▸ PROVIDED DATA

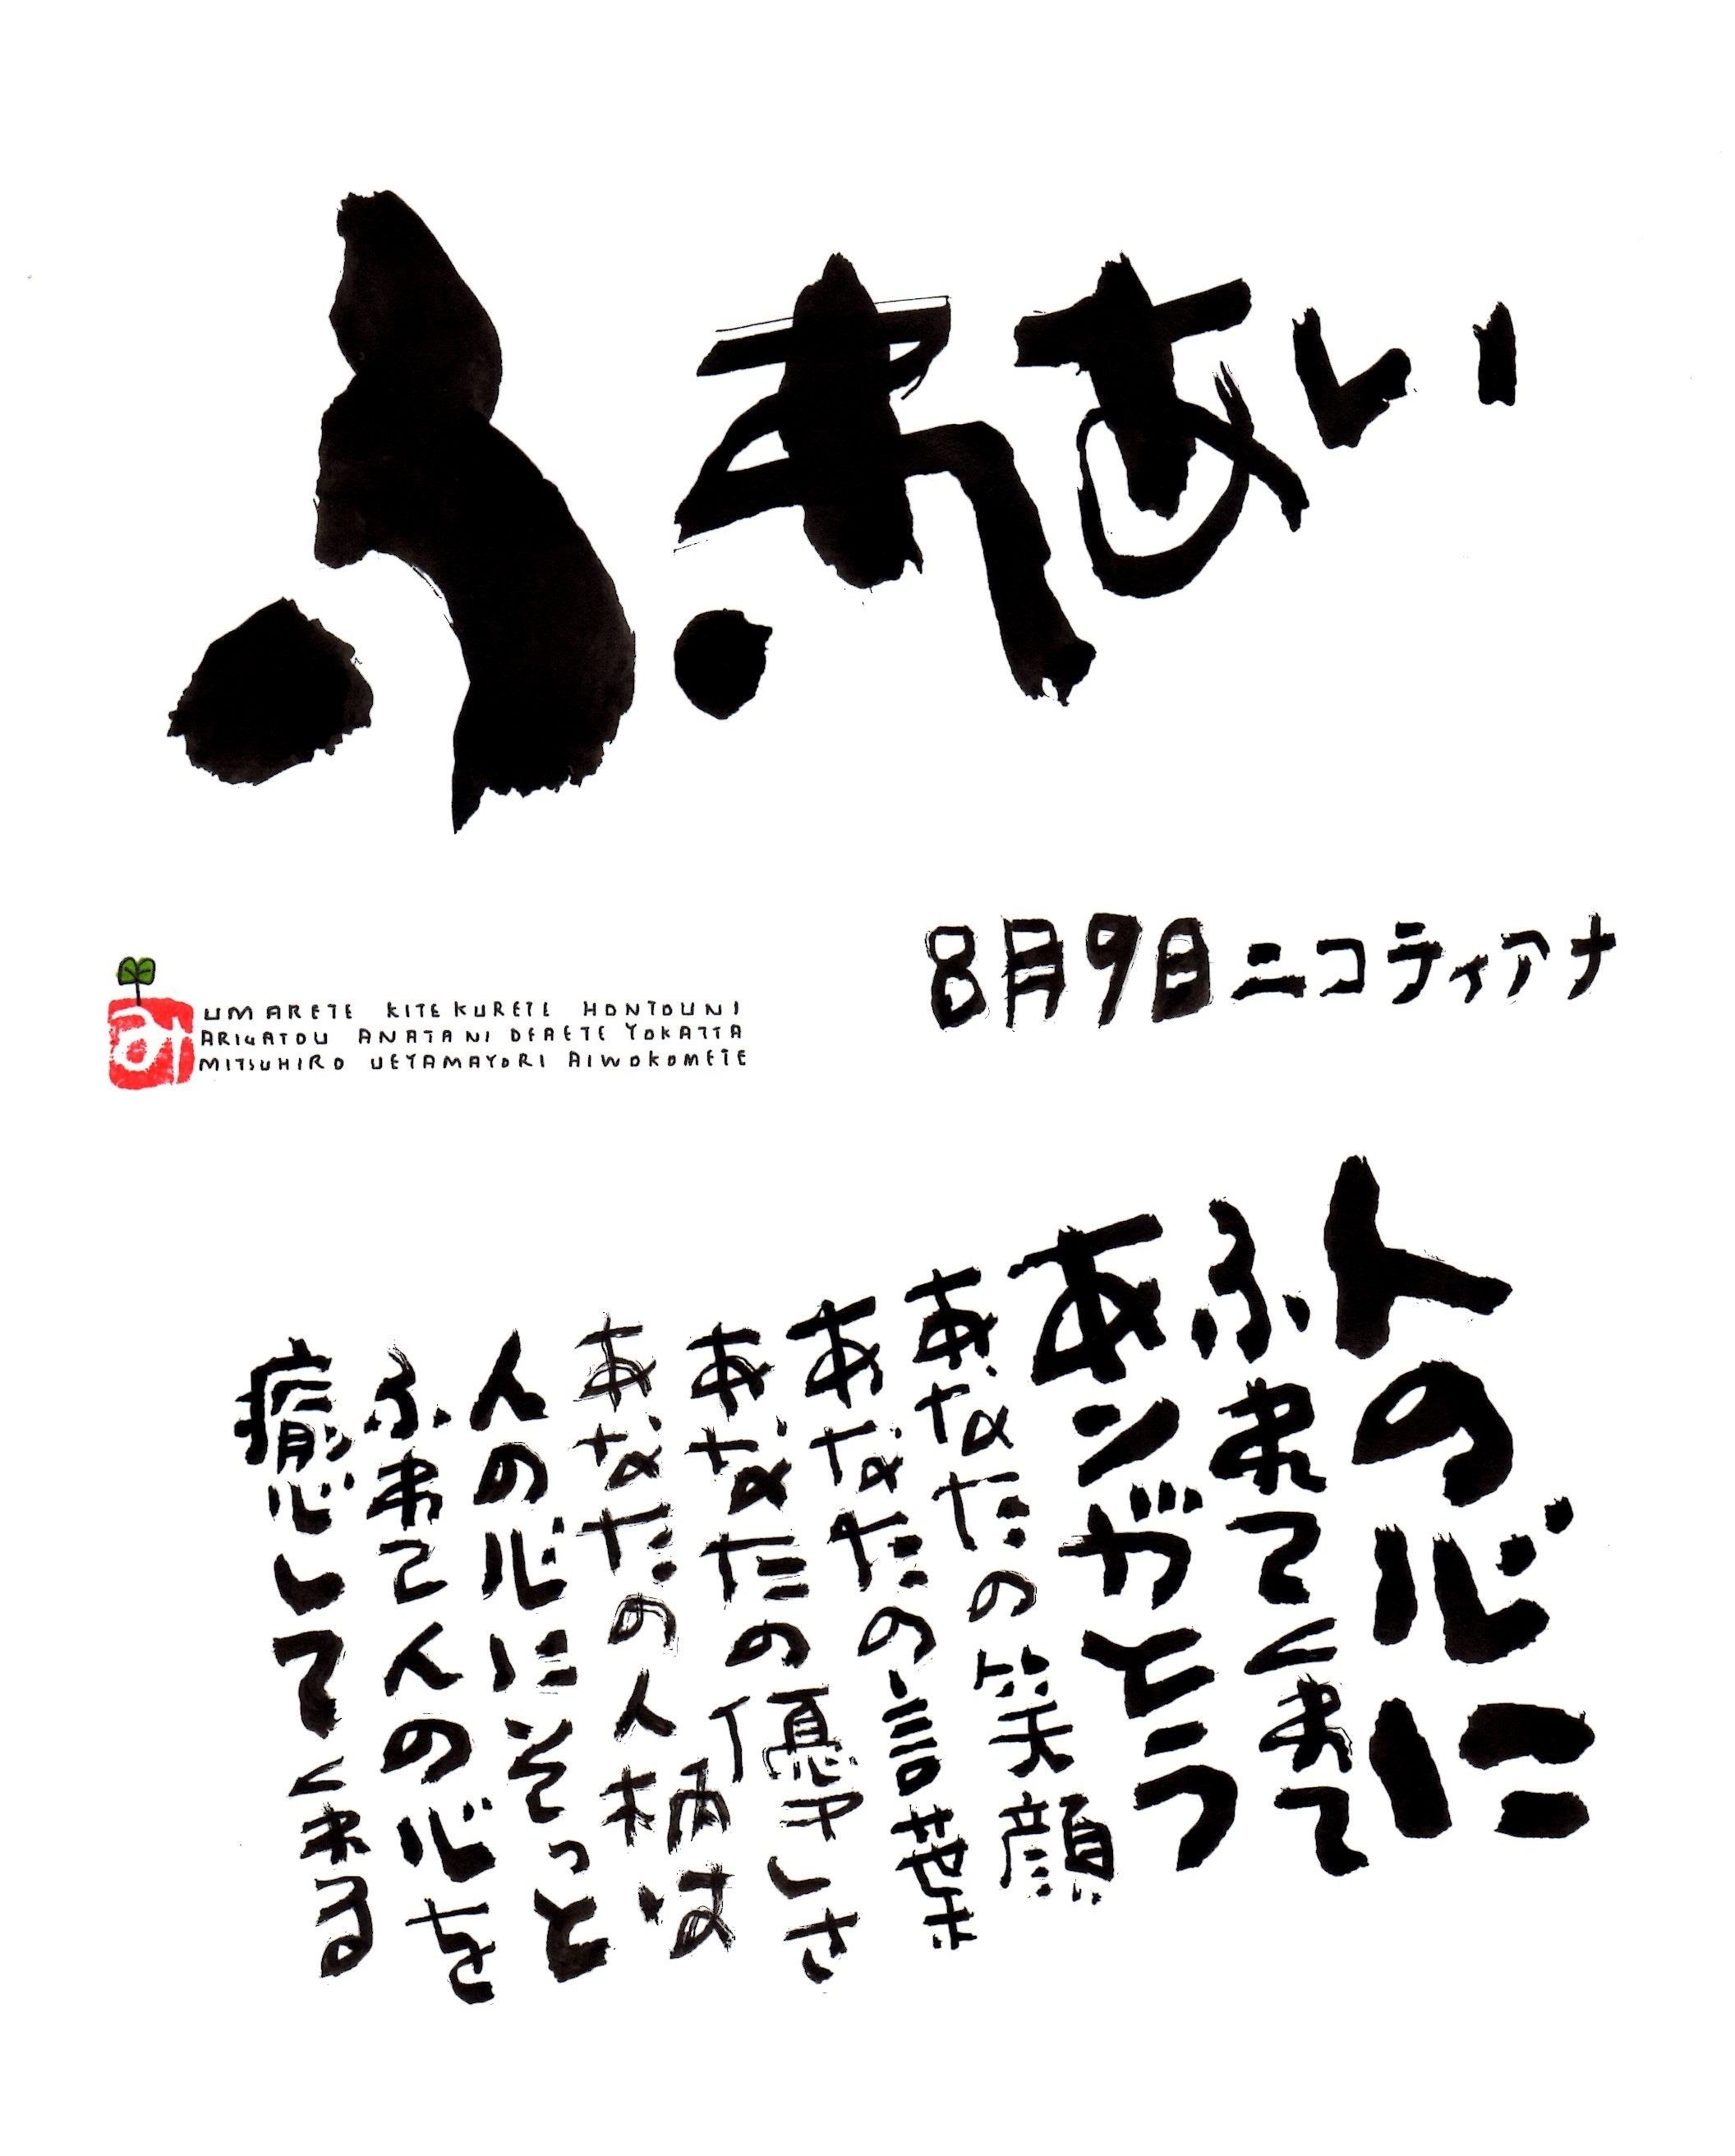 8月9日 誕生日ポストカード【ふれあい】Contact
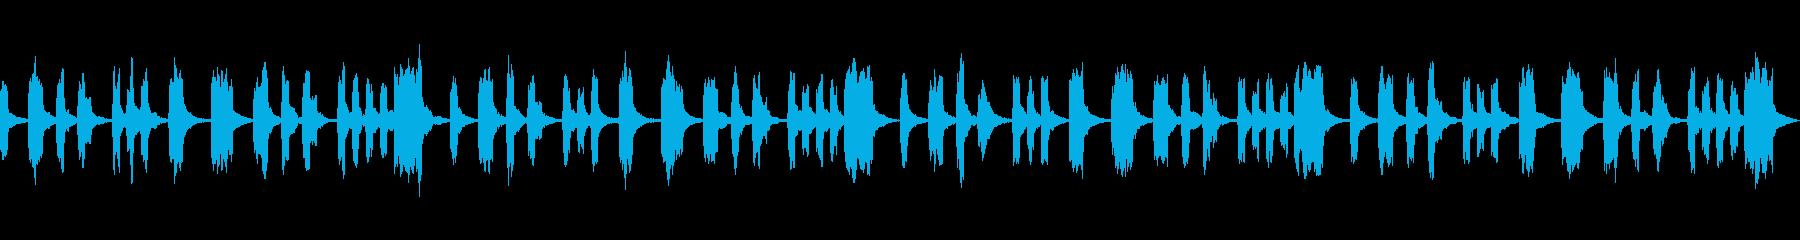 シンプル 切ない ヒーリングの再生済みの波形
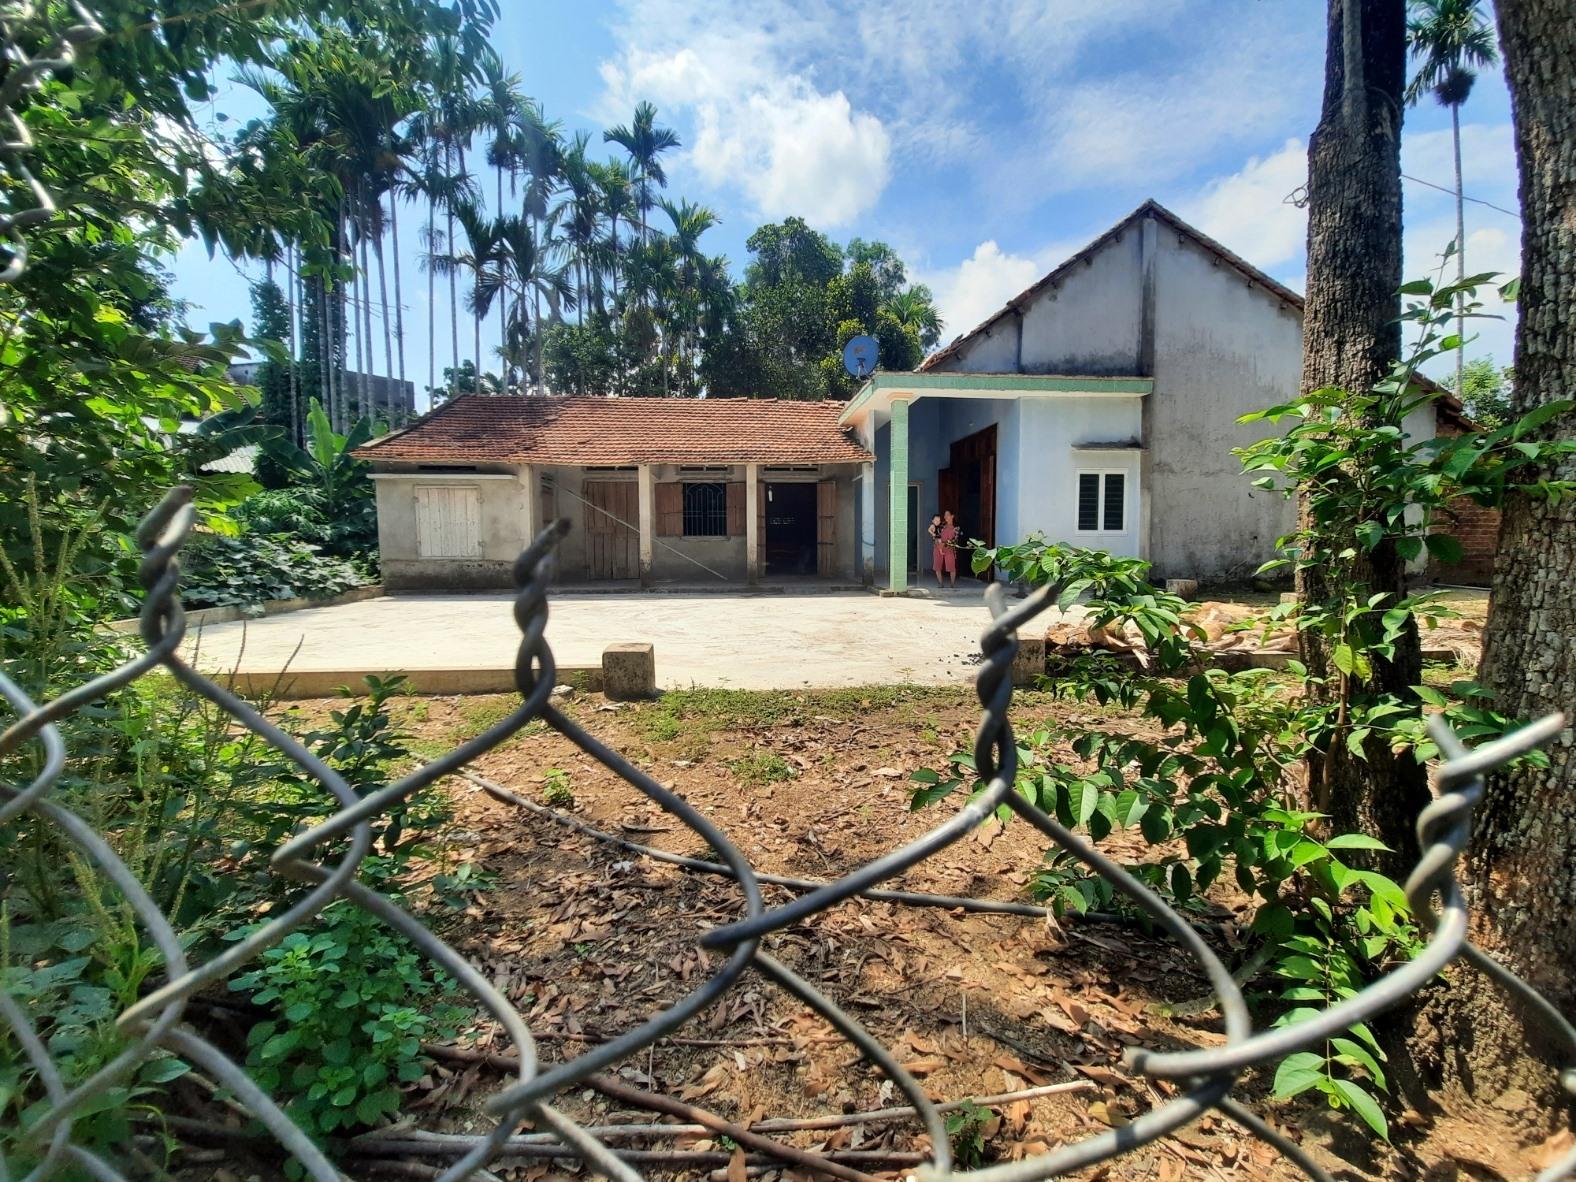 Hàng xóm làm hàng rào khiến căn nhà bà Nguyễn Thị Thới bị phong tỏa không còn đường đi lại. Ảnh: Đ.L

▸ EXERCISE DIRECTIONS
If the data includes images, omit them, and set down everything else exactly as above.

▸ RESULT BELOW
 8月9日 誕生日ポストカード【ふれあい】Contact
 シンプル 切ない ヒーリングの再生済みの波形
 Hàng xóm làm hàng rào khiến căn nhà bà Nguyễn Thị Thới bị phong tỏa không còn đường đi lại. Ảnh: Đ.L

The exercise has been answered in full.